In this instance, I assume the 2MB chip holds FD/ME and or part of the BIOS region too and the rest of the BIOS is on a 4 or 8MB chip.
You cannot write BIOS from HP site, many things need done before you have a file you can write to chip. Yes, obviously you can’t write a 10MB file to a 2MB chip, what made you think that was going to work out (no offense meant, but that’s funny, don’t worry many people try this )
There is no fast way about doing any of this, and each system/model you work on will be different in what needs done to the BIOS.
Some you may not be able to edit/change, due to Intel Boot Guard, others (HP) you wont be able to due to HP’s Sure Start which will recover the stock BIOS (probably with the locked password too) no matter what you write to chip (Sure Start is terrible!!!)

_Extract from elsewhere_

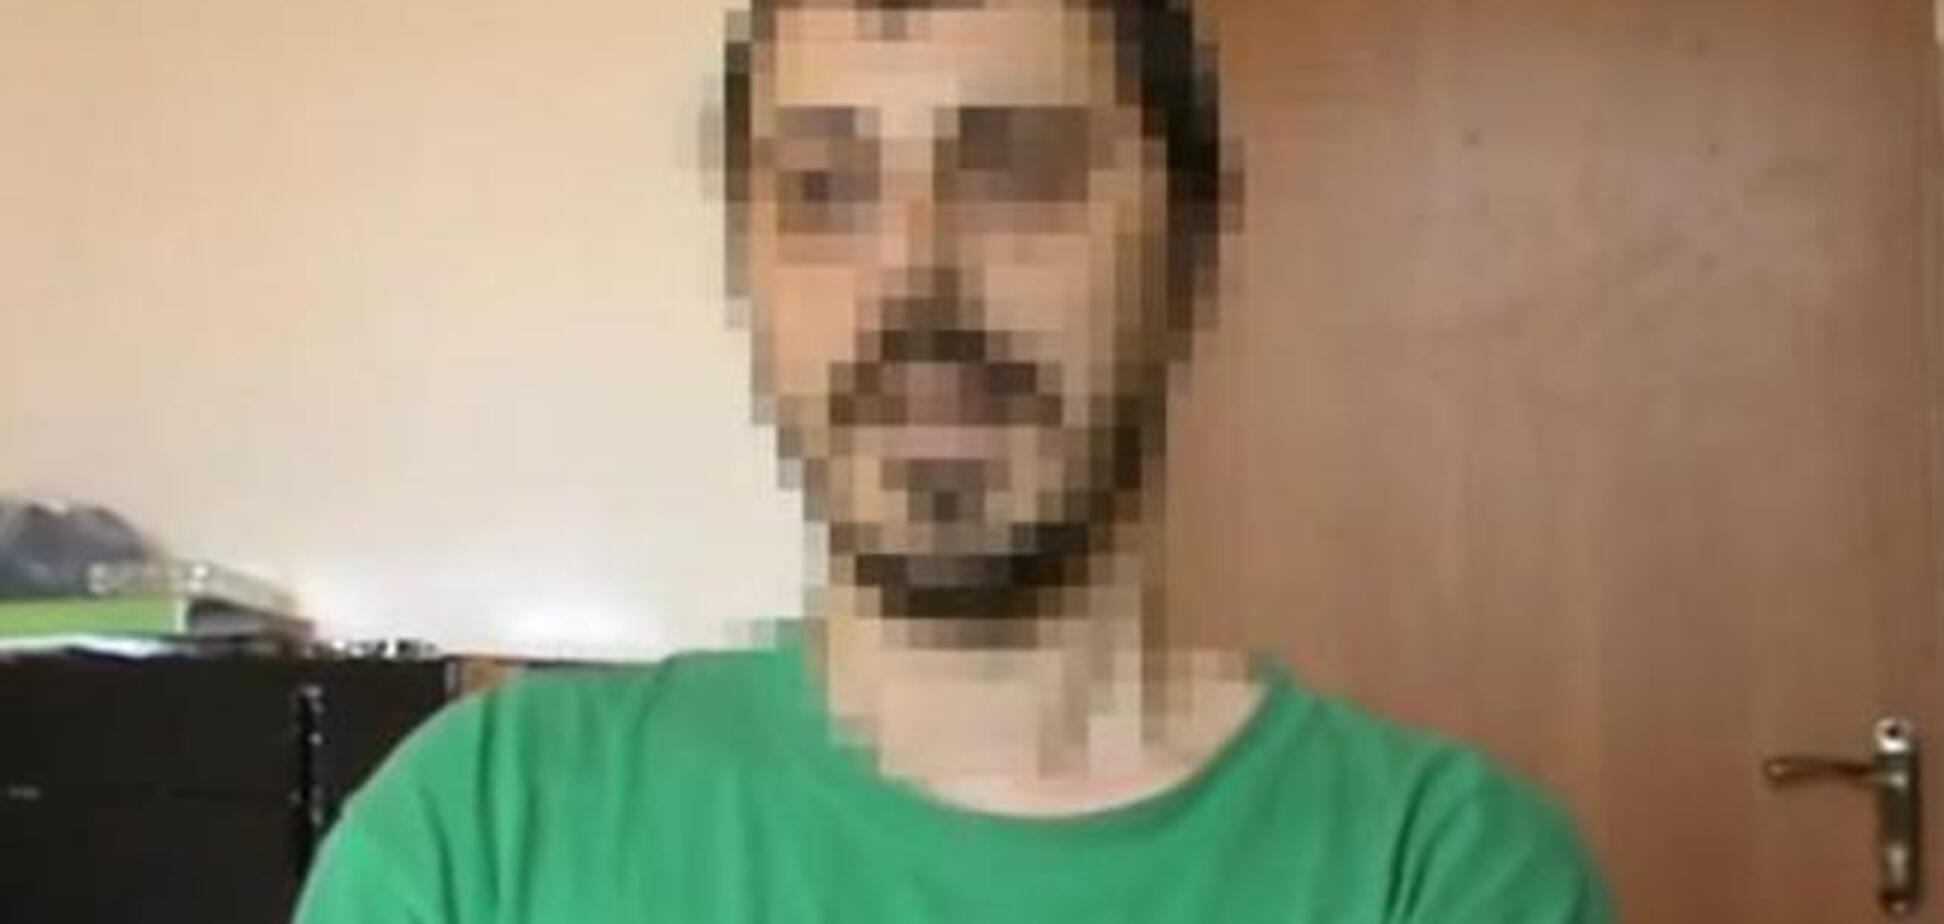 Дело 'николаевского сепаратиста' направлено в суд

So, lets do this 820 G2 - link me to the stock BIOS you are using from HP’s site. Then dump both chips on the board and send me those in a zipped archive, then I’ll send you back fixed BIOS.
For W25Q64FV use W25Q64BV ID and software version 1.30 or 1.34, if you run into that chip on anything. here is package with several versions - http://s000.tinyupload.com/index.php?fil…695330485827902
In some/many cases, if you do not care about the system’s ID’s (serial, UUID etc) then you can use stock BIOS once you split it, but you will need to pull the LAN MAC ID off the board sticker or from within the BIOS itself, and put that into the correct place in the BIOS before you program it in.
@Lost_N_BIOS sorry for the delayed response. I got dragged off on other projects at work. Still have a massive pile of laptops waiting. I’ll try and get those dumps and links etc over the weekend. Thanks for all the help.